**PROBLEM TO SOLVE**
Please return exactly the lines from the one containing "Helen Suter aus Solothurn - Wittmann 31/36" through the end of the records, including both.

────────────────────────────────────────

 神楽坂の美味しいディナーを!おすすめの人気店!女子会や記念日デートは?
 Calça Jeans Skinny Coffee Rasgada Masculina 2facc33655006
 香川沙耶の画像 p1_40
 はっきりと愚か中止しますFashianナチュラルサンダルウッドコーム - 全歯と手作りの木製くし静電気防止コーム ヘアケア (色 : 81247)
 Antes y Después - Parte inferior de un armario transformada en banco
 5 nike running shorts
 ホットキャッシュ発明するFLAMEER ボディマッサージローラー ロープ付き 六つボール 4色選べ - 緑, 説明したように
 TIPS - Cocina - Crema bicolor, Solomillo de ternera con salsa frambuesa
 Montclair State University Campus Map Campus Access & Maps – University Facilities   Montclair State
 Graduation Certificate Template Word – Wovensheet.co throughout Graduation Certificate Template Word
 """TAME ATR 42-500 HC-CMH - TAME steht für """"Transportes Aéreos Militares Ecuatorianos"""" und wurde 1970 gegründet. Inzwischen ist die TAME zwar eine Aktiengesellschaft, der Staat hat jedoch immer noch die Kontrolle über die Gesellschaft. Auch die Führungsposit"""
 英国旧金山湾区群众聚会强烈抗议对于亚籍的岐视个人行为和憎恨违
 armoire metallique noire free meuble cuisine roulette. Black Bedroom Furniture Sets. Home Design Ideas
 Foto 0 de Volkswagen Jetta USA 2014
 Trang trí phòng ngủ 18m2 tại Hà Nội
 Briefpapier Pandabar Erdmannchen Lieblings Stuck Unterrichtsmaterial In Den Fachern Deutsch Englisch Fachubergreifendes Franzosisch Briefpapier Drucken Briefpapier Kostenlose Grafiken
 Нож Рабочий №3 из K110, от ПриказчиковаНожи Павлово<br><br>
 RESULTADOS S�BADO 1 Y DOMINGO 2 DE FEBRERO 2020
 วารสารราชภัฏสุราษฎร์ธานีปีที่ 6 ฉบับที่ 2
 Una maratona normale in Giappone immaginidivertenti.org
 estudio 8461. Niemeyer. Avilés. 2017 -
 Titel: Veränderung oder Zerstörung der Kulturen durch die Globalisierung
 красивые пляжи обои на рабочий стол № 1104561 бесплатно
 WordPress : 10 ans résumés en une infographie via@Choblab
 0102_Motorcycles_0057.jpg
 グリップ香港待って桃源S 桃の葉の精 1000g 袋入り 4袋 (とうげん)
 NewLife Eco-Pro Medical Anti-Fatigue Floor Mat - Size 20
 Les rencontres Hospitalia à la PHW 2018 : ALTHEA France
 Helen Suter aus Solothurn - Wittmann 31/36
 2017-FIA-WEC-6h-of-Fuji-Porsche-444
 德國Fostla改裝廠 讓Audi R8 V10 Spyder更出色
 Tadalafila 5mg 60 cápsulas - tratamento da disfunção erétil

────────────────────────────────────────

**WORKED SOLUTION**
 Helen Suter aus Solothurn - Wittmann 31/36
 2017-FIA-WEC-6h-of-Fuji-Porsche-444
 德國Fostla改裝廠 讓Audi R8 V10 Spyder更出色
 Tadalafila 5mg 60 cápsulas - tratamento da disfunção erétil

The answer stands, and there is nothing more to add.